The radiology data are reported at face value by MedPage Today and without important input from MS neurologists. Another screaming caveat to the coverage is the following: The radiology abstracts implicity acknowledge the existence of chronic cerebrospinal venous insufficiency (CCSVI) in multiple sclerosis—a completely unestablished concept that has been used to justify vacular intervention in the disease. It is the odd brainchild of Italy's Paolo Zamboni, and the idea has been embraced willy-nilly by some US physicians, including Stanford's Michael Dake. However, it is viewed with a very healthy skepticism by US neurologists who subspecialize in MS management. (For important background, go here, here, and here.)
According to MedPage, the rate of "major complications" in one retrospective series of 231 "CCSVI patients" with MS who underwent vascular intervention was 1.2% and consisted of venous thrombosis. So-called minor complications, however, weren't inconsequential and included "thrombosis or dissection after angioplasty requiring stent placement" at a rate of 10.5%. In a much smaller study of 24 patients, 1 case of inguinal bleeding, 2 cases of inguinal hematoma, and 1 case of retroperitoneal hematoma produced a complication rate of more than 16%—suggesting limited technical skills on the part of the interventionist(s). In a third series of 18 patients, 1 patient (>5%) experienced "rupture" of the internal jugular valve, which had to be treated with "balloon tamponade and stenting." (I don't imagine that calm reigned in the radiology suite that day.)

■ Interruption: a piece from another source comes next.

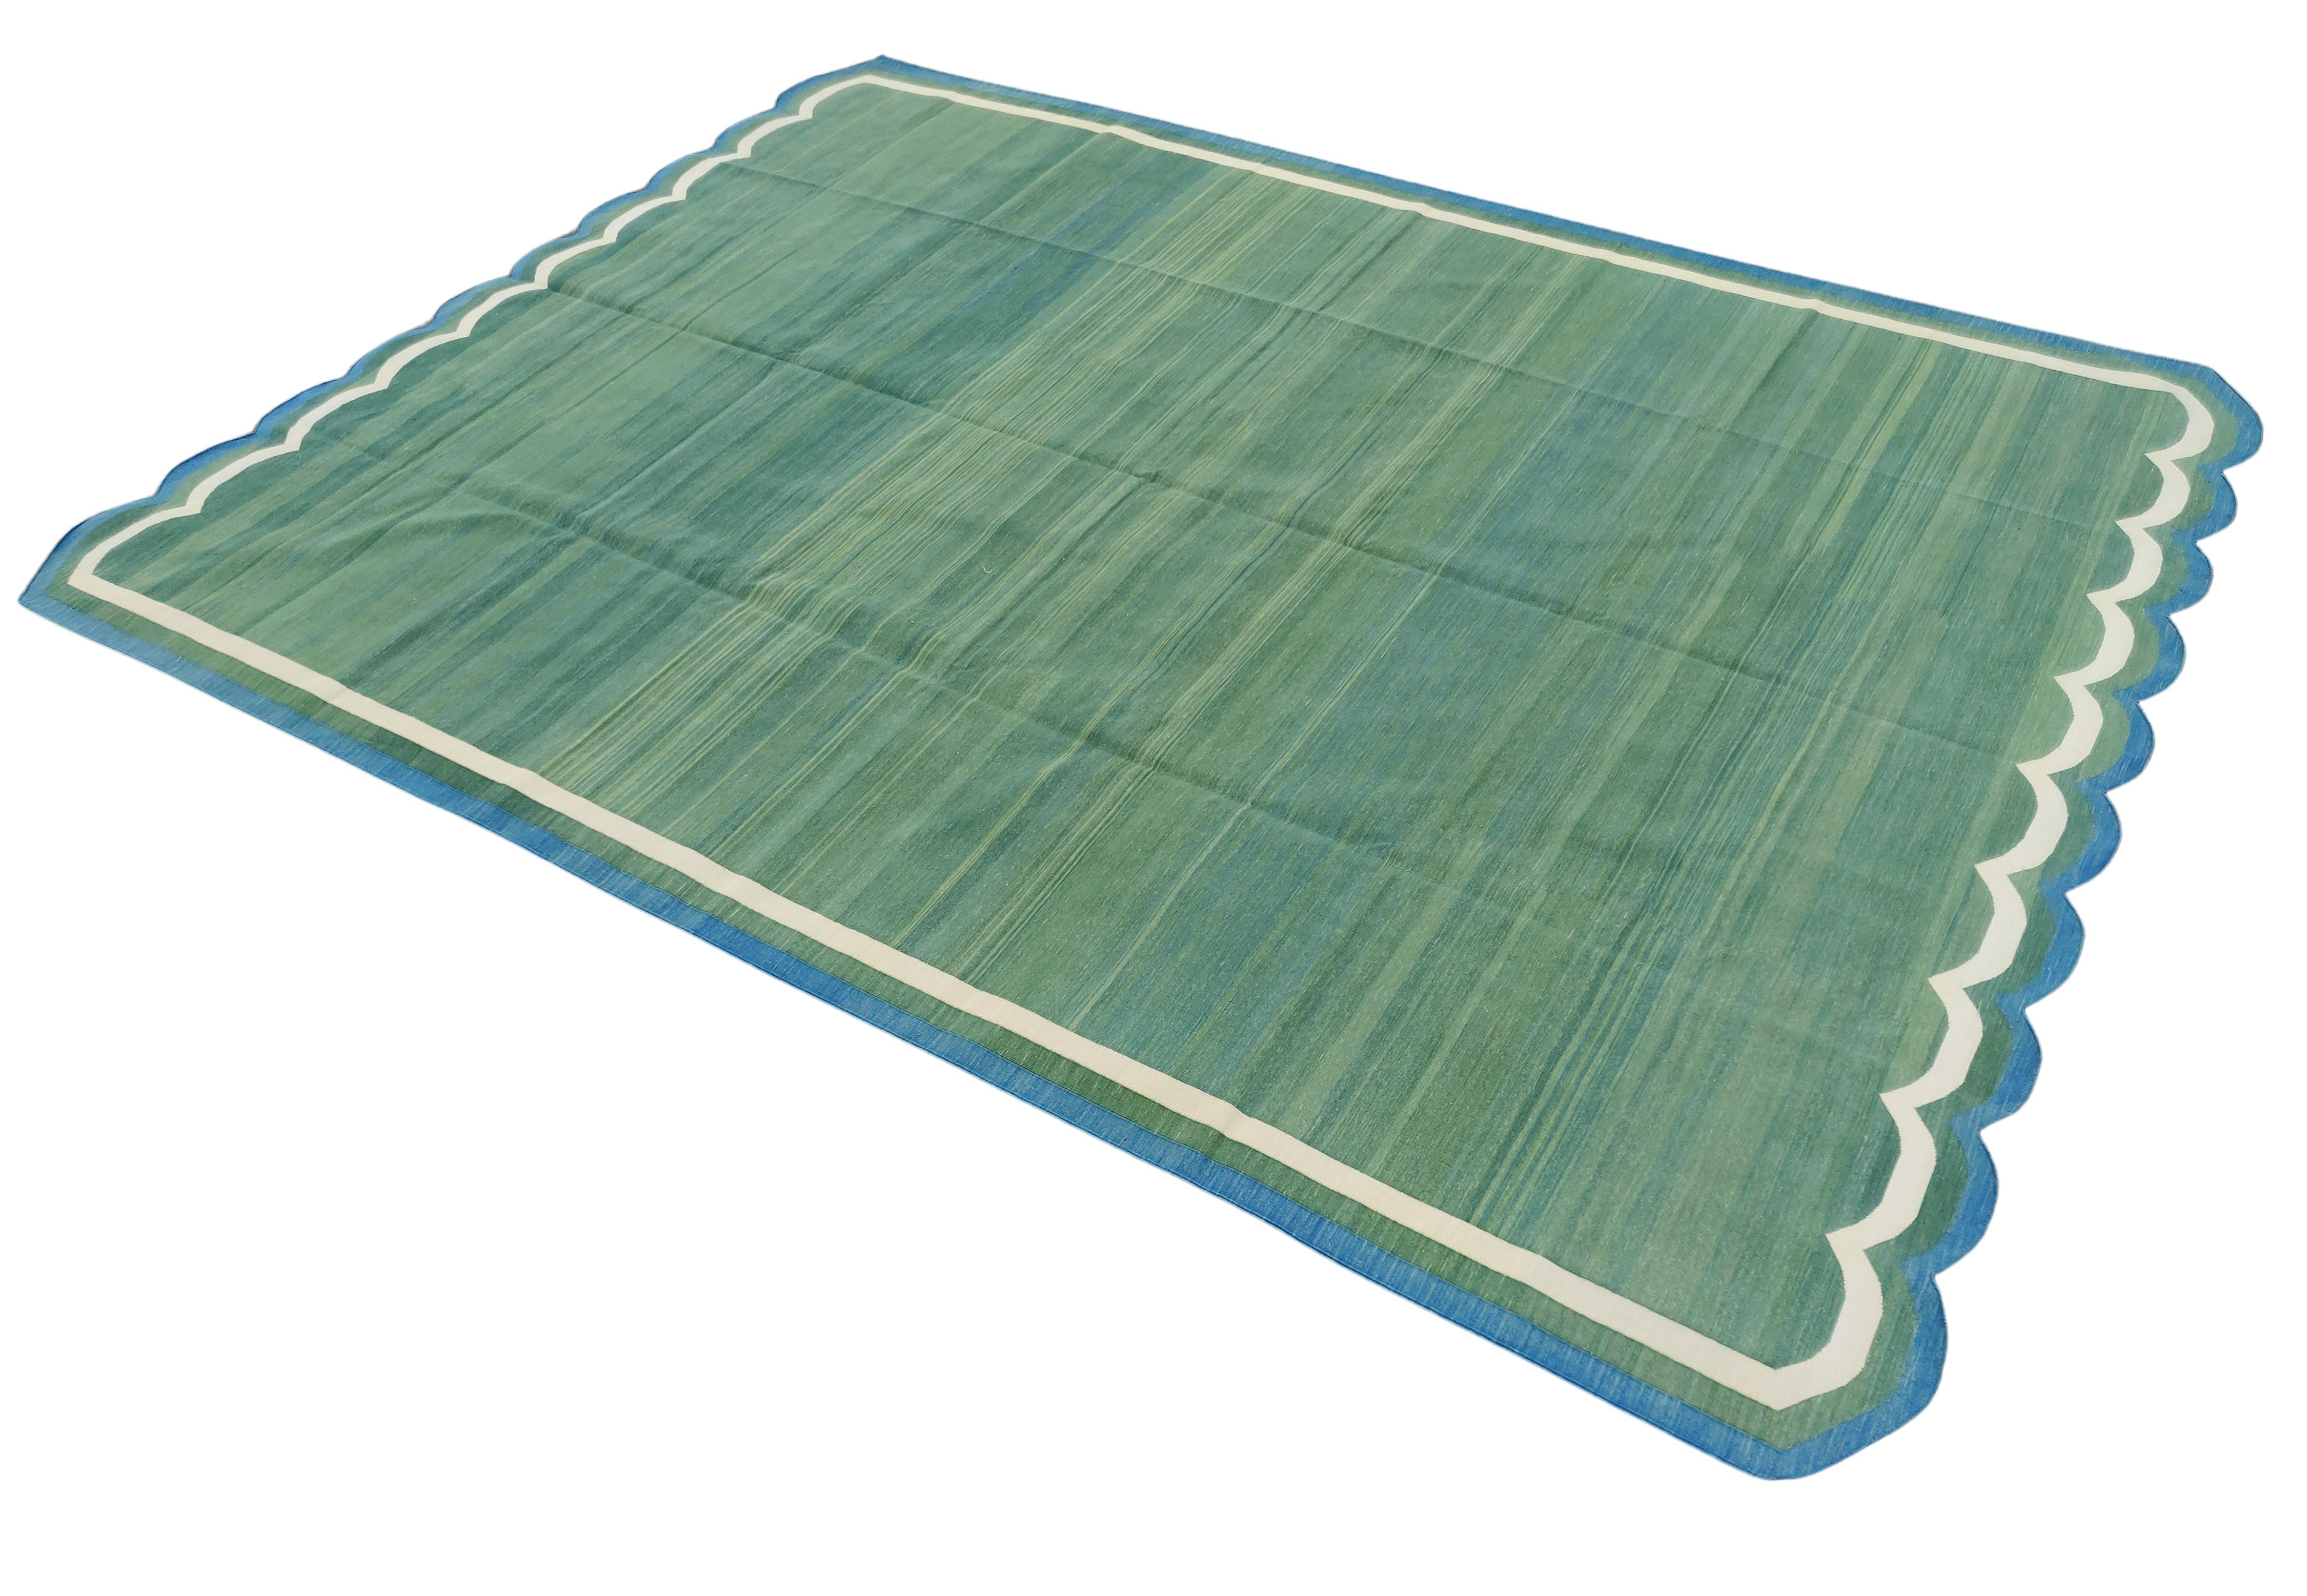 Mid-Century Modern Handmade Cotton Area Flat Weave Rug, 10x14 Green And Blue Scallop Kilim Dhurrie For Sale

All of these non-controlled studies reported clinical improvement of MS symptoms in most patients. But, it should be noted, clinical improvement (however it was measured, if at all) didn't necessarily last, and "venous obstruction" recurred, in some cases. (And it's completely unclear whether clinical status deteriorated in concert with the return of the presumed venous obstraction.)
Another downfall of MedPage's coverage is the quoting of non-neurologist Michael Dake, who provided this useful [sarcasm alert] gem: "Currently there are many unknowns and lots of uncertainty." In addition, Dake called the field "a zone of chaos"—a situation that Dake arguably help to create. MedPage failed to note that Dake's own jugular-stent program at Stanford was shut down in December of 2009, after 1 of his MS patients died of cerebral hemorrhage and the stent of another became dislodged in his heart.
SIR Abstracts Cited by MedPage
Mandato K et al. Safety of outpatient endovascular treatment of the internal jugular and azygos veins for chronic cerebrospinal venous insufficiency (CCSVI) in multiple sclerosis: a retrospective analysis. Abstract 3.
Haskal Z et al. Feasibility evaluation of catheter-directed interventions in multiple sclerosis CCSVI patients. Abstract 82.
Pisco JM et al. Percutaneous transluminal angioplasty and stenting in patients with multiple sclerosis and venous insufficiency--preliminary results. Abstract 33.
Image of neck veins from Gray's Anatomy (1918).